- Smith & Wesson is undervalued and could be a target for M&A activity, following interest in its competitor Vista Outdoor.
- The competitor has been approached by both strategic acquirers and private equity money, suggesting spread interest for the sector.
- The company’s valuation is low compared to its peers and historical M&A transactions in the industry, suggesting potential for a multiple re-rate.
We think Smith & Wesson (NASDAQ:SWBI) is an undervalued company that could potentially be the target of M&A activity, amid the recent interest in one of its closest competitors: Vista Outdoor. The valuation attached to the company is currently low, as suggested by both public comparables and the multiples of recent takeovers in the industry. Last but not least, the demand for guns seems strong and could sustain SWBI’s growth. We initiate the name with a buy rating and a target price of $18.
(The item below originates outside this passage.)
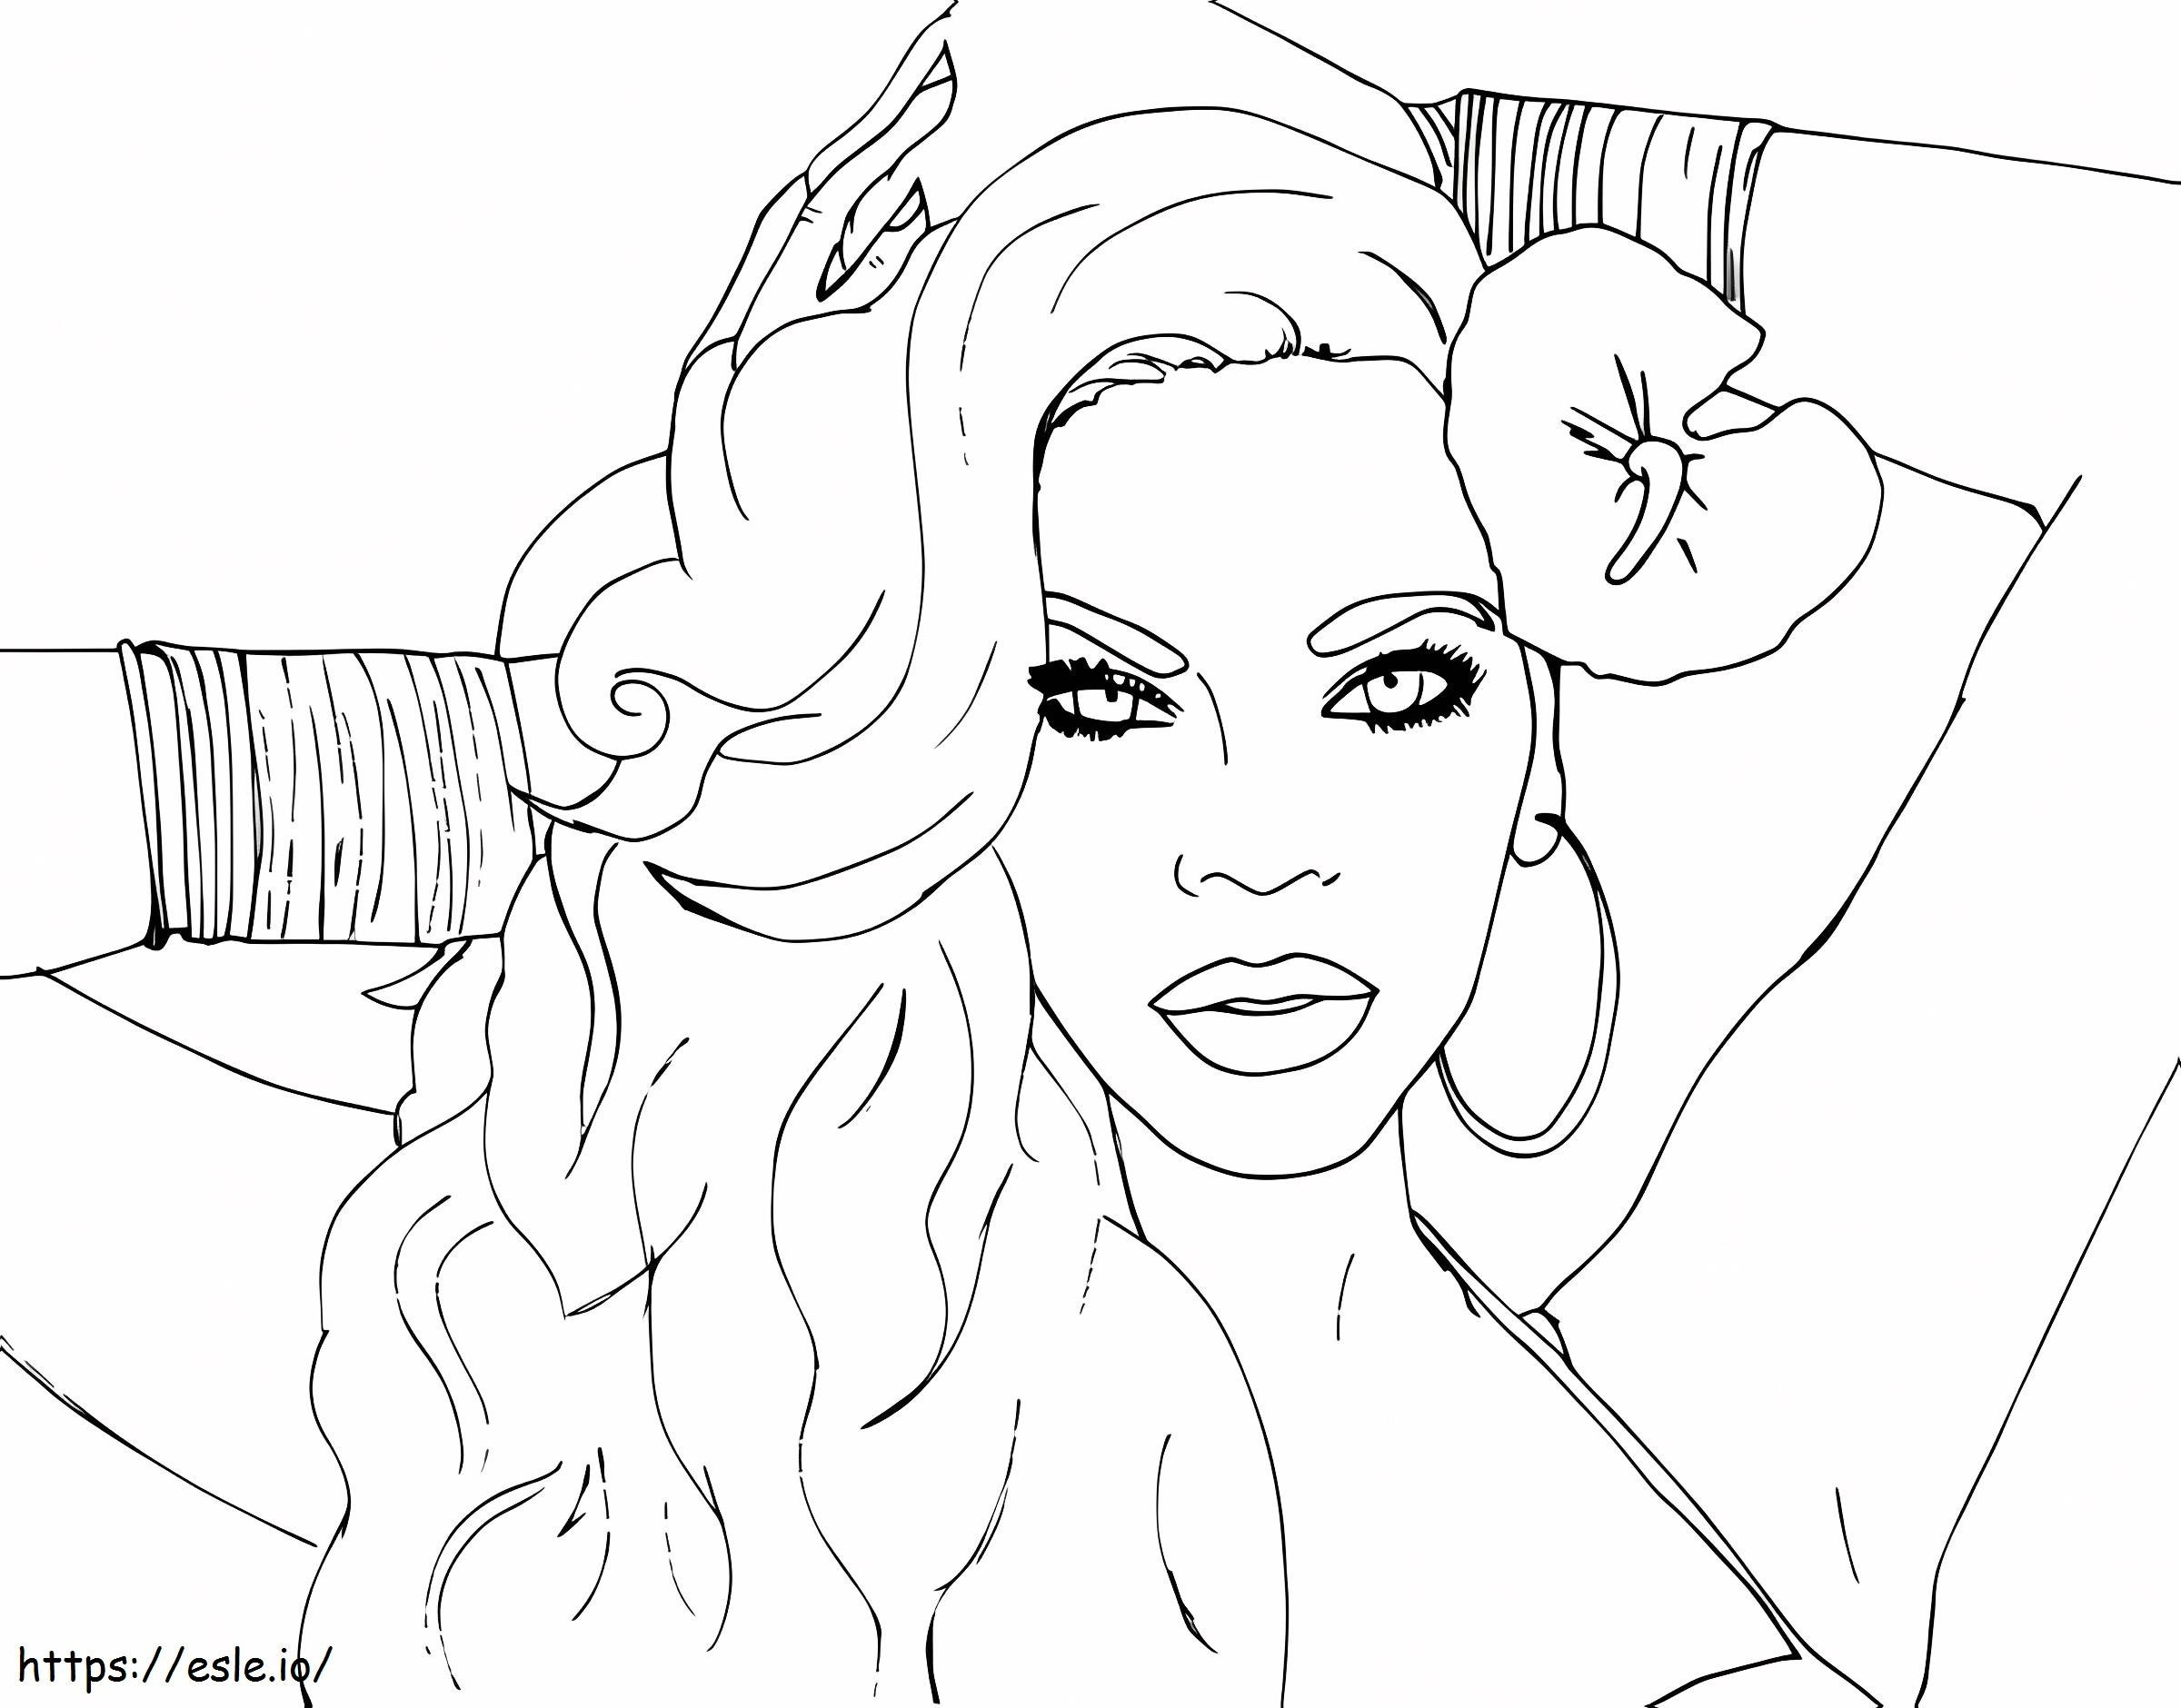 1541555615_Beyonce Drawing 4 coloring page

An interesting setup: industry takeover movements and strong financial resilience
We have recently followed the deal saga on Vista Outdoor. The company has been in talks to sell its gun business to a foreign buyer, the Czech defense behemoth Czechoslovak Group (CSG). They are one of the largest companies in Europe, with more than $180 billion in revenues, and sell to national armed forces as well as police officers. However, recently a bidding war seems to have started, with firm MNC Capital bidding at $35 per share, and then raising its bid to $37.5. There is clearly a lot of interest in this asset, which is seen as potentially undervalued.